_What is required_. Every line of the listing below from the one with "Trento 11 dicembre" up to and including the one with "Swimming Pool in" should be retyped exactly, and nothing else; pictures are not part of the copy.

::: Task material :::

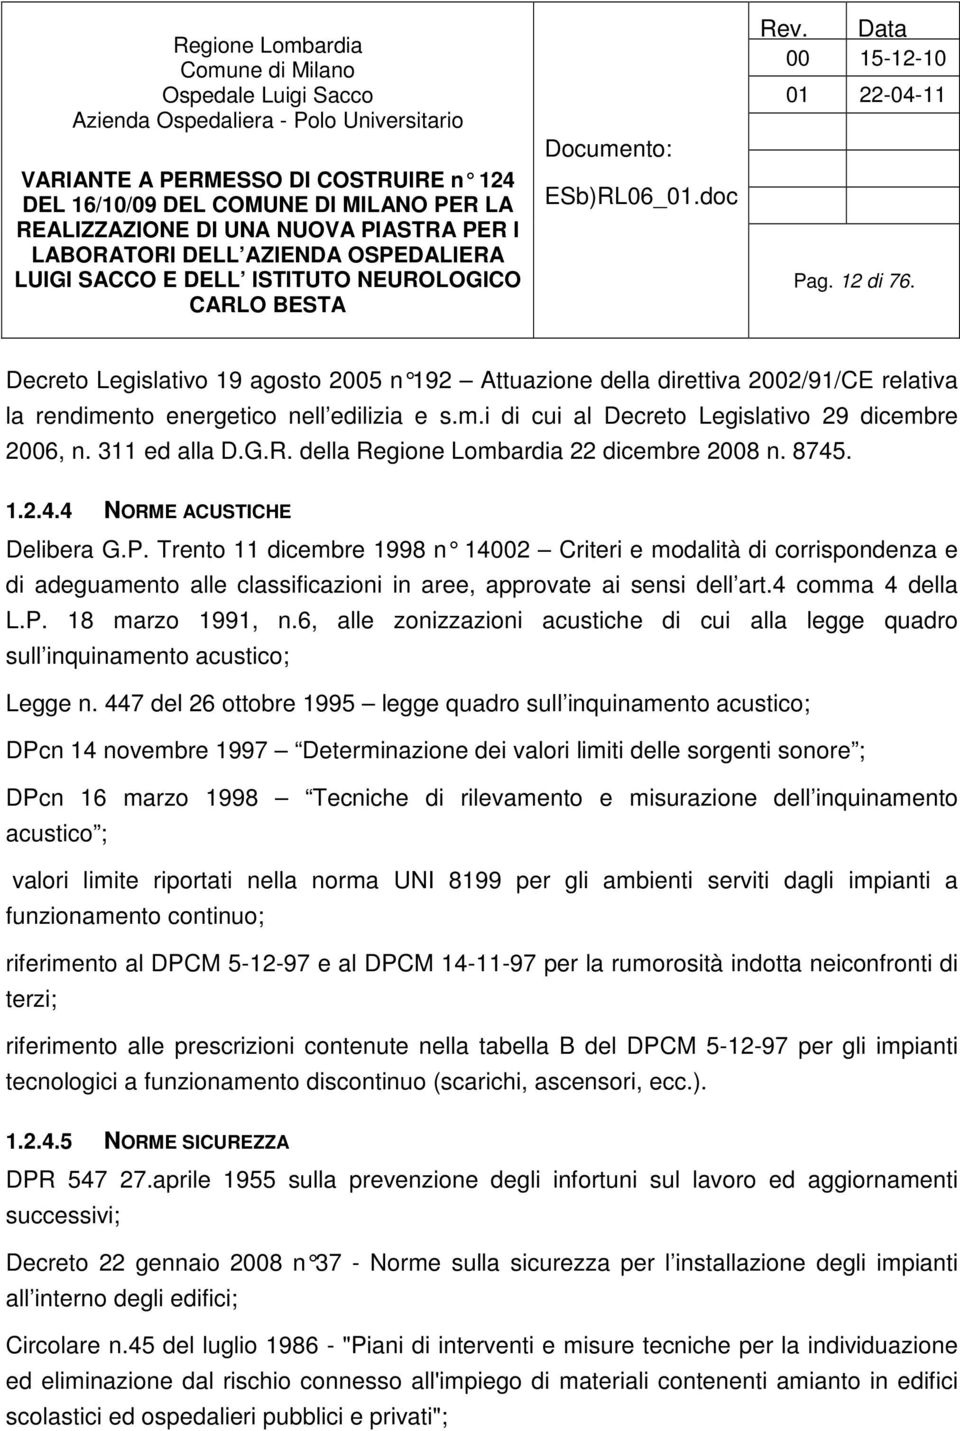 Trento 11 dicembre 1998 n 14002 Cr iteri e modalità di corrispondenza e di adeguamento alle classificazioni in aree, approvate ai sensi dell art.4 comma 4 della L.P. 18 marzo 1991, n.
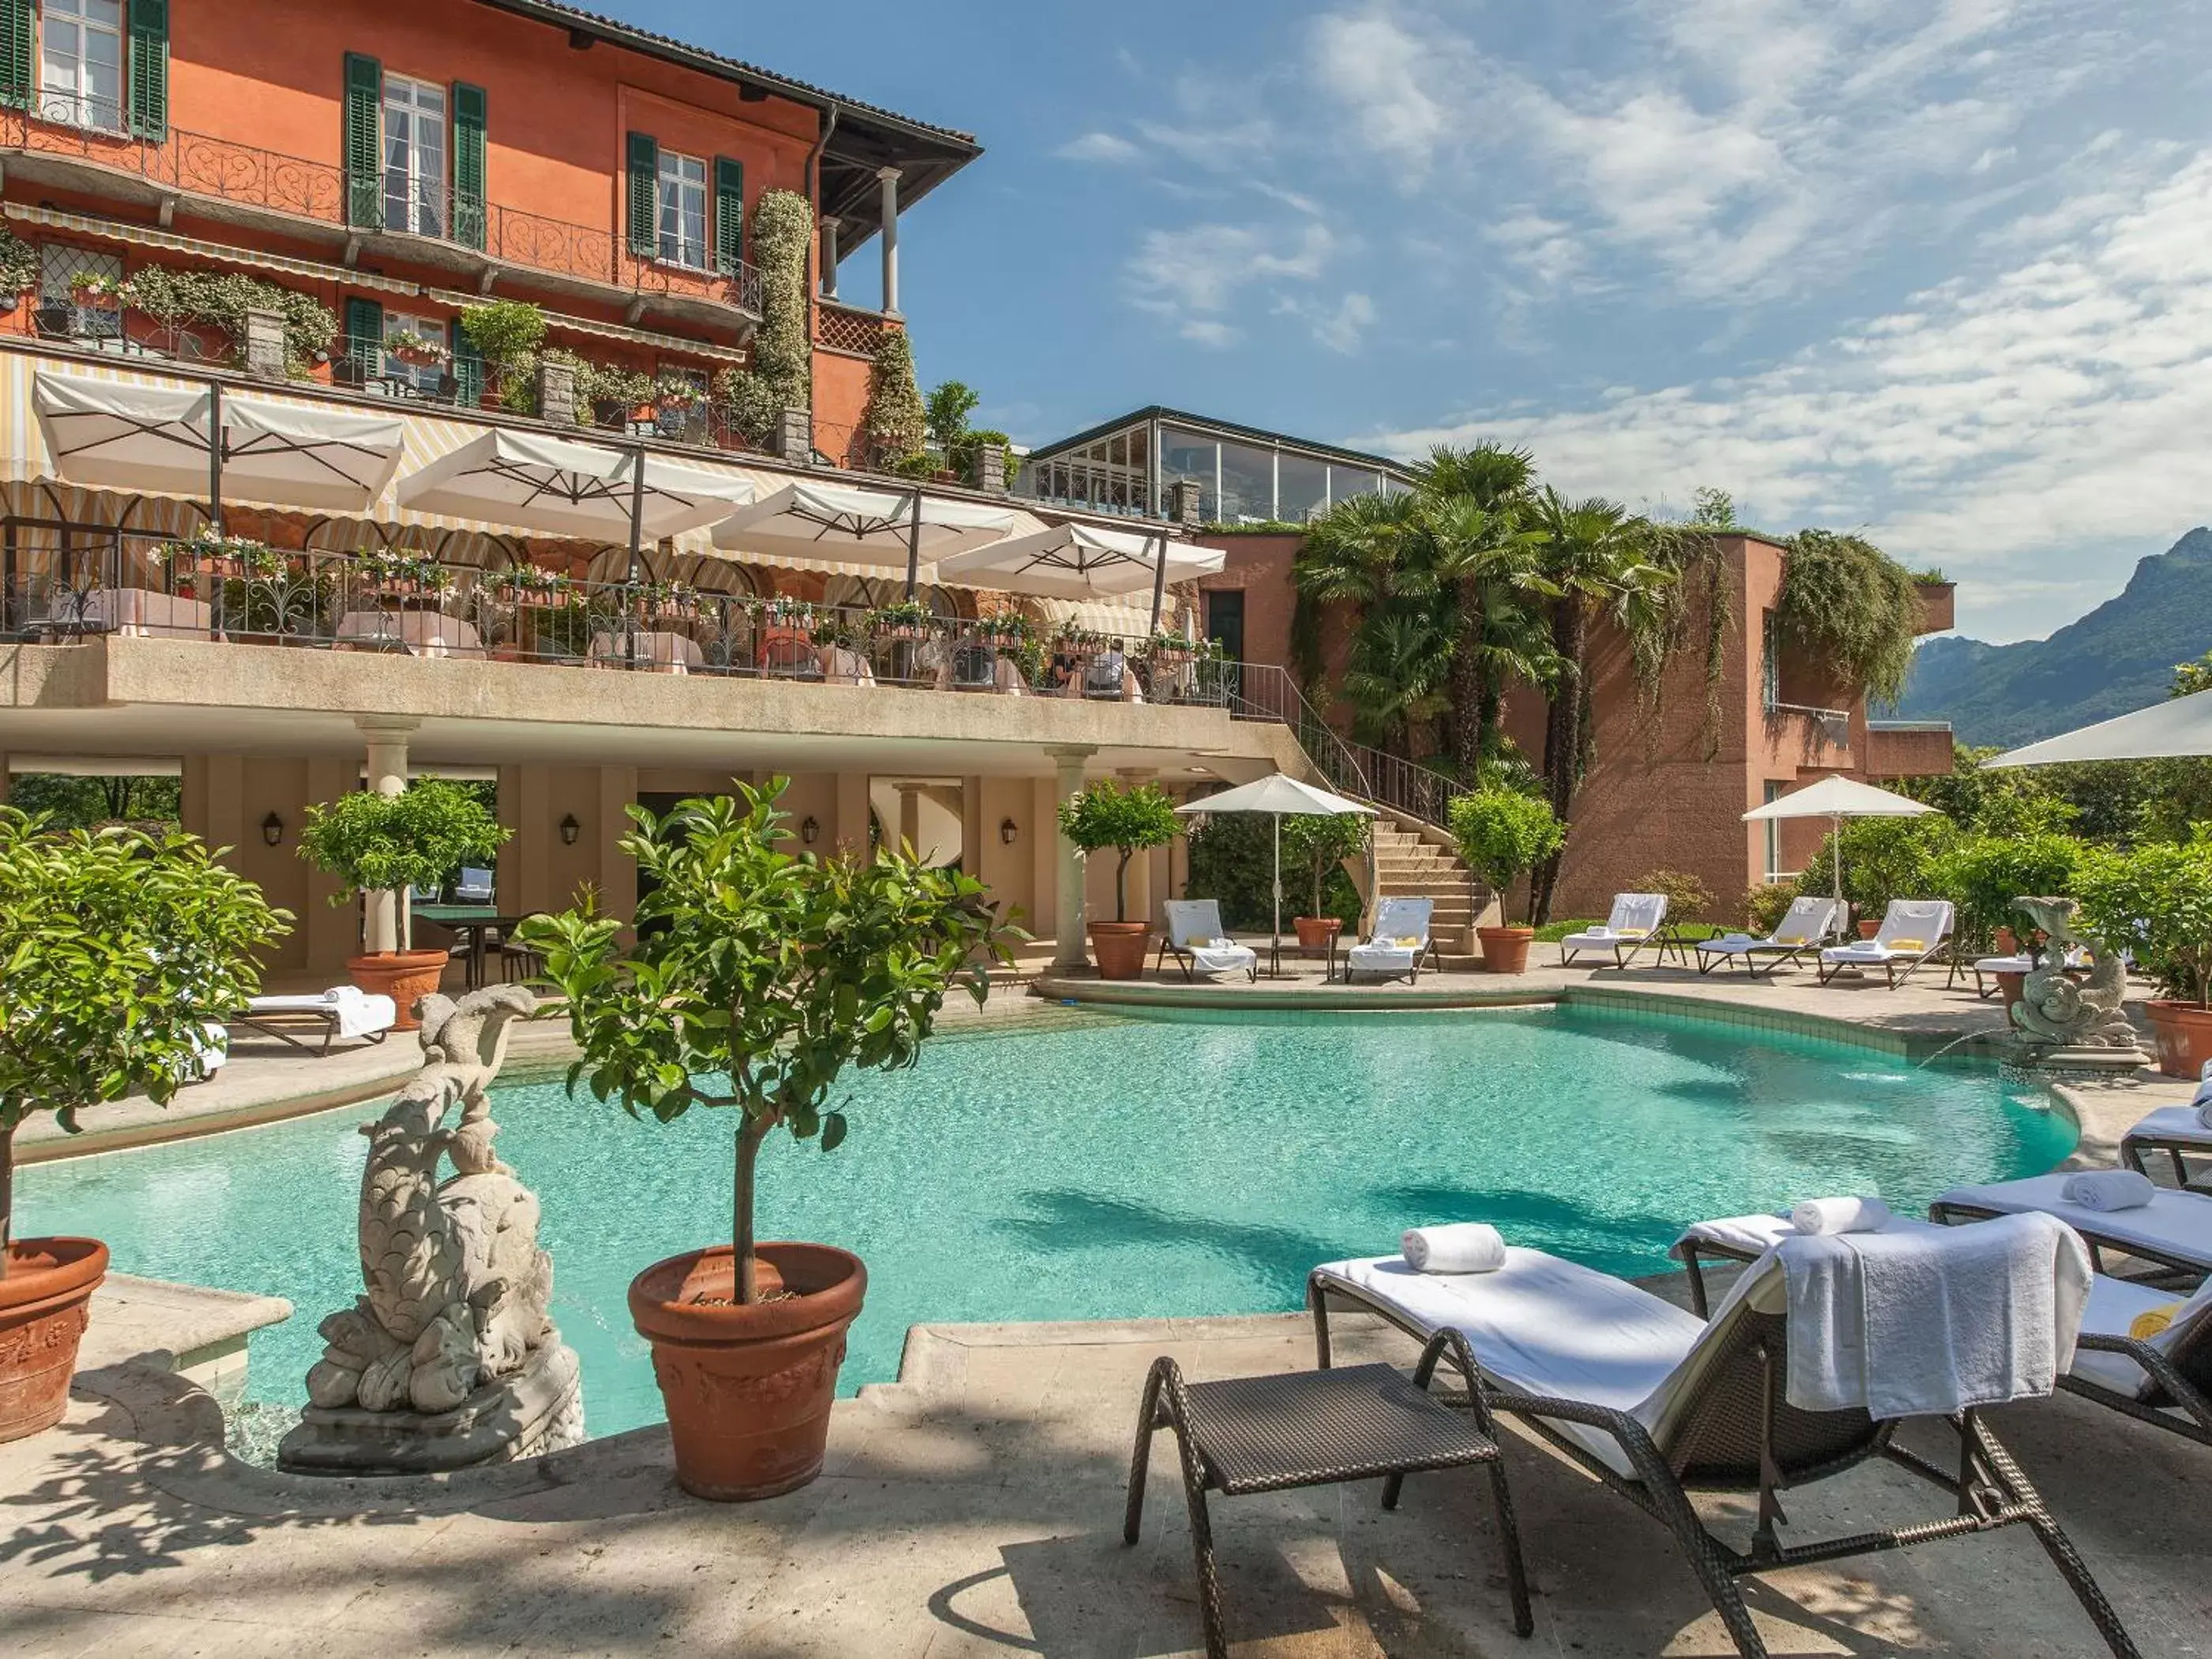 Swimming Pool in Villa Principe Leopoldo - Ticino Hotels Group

:::
::: Task material :::

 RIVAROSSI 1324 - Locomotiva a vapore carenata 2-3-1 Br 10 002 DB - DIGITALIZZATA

:::

_Response area_.
 Trento 11 dicembre 1998 n 14002 Cr iteri e modalità di corrispondenza e di adeguamento alle classificazioni in aree, approvate ai sensi dell art.4 comma 4 della L.P. 18 marzo 1991, n.
 Swimming Pool in Villa Principe Leopoldo - Ticino Hotels Group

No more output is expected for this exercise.